- **Material for this task**:

········

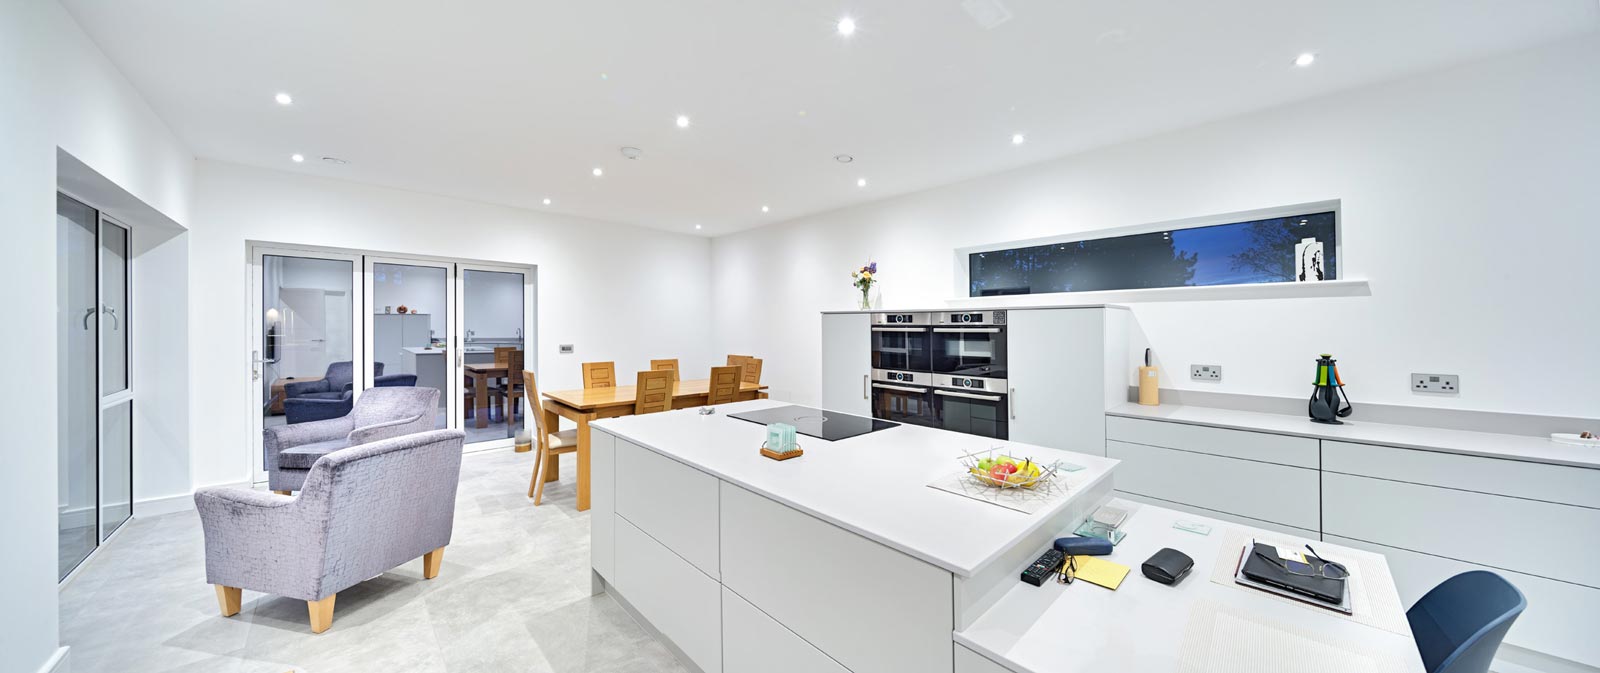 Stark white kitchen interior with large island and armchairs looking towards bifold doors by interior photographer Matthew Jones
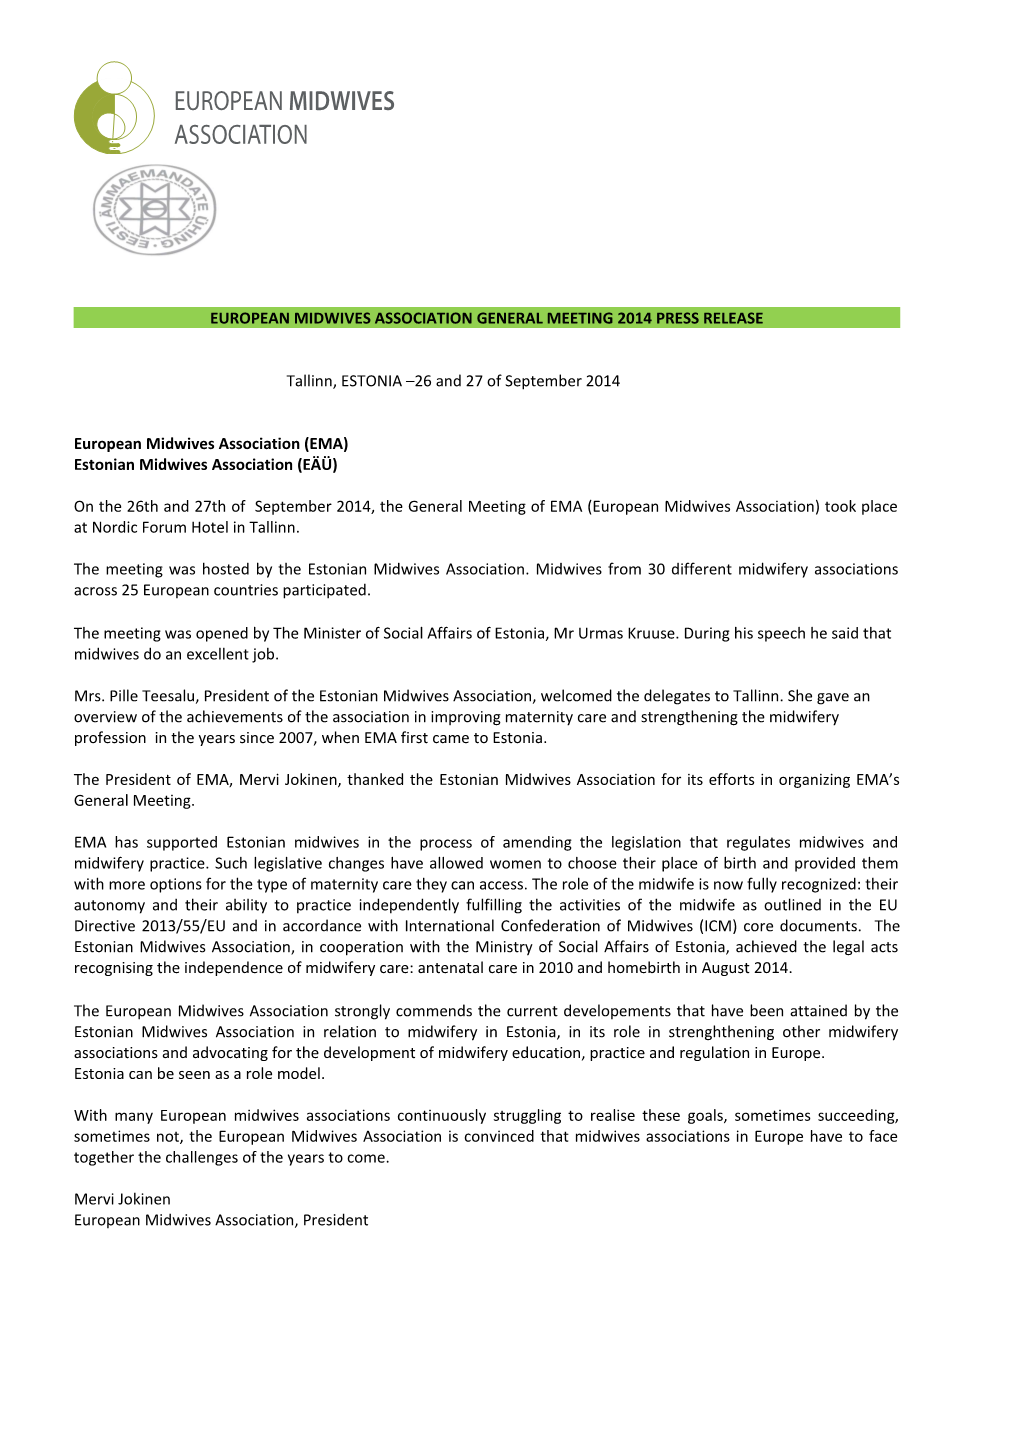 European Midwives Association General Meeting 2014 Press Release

········

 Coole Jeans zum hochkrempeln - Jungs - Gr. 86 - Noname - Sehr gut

········

An exact copy is needed. It runs from the line above containing "Stark white kitchen" down to the line containing "European Midwives Association", both included, with no pictures.

 Stark white kitchen interior with large island and armchairs looking towards bifold doors by interior photographer Matthew Jones
 European Midwives Association General Meeting 2014 Press Release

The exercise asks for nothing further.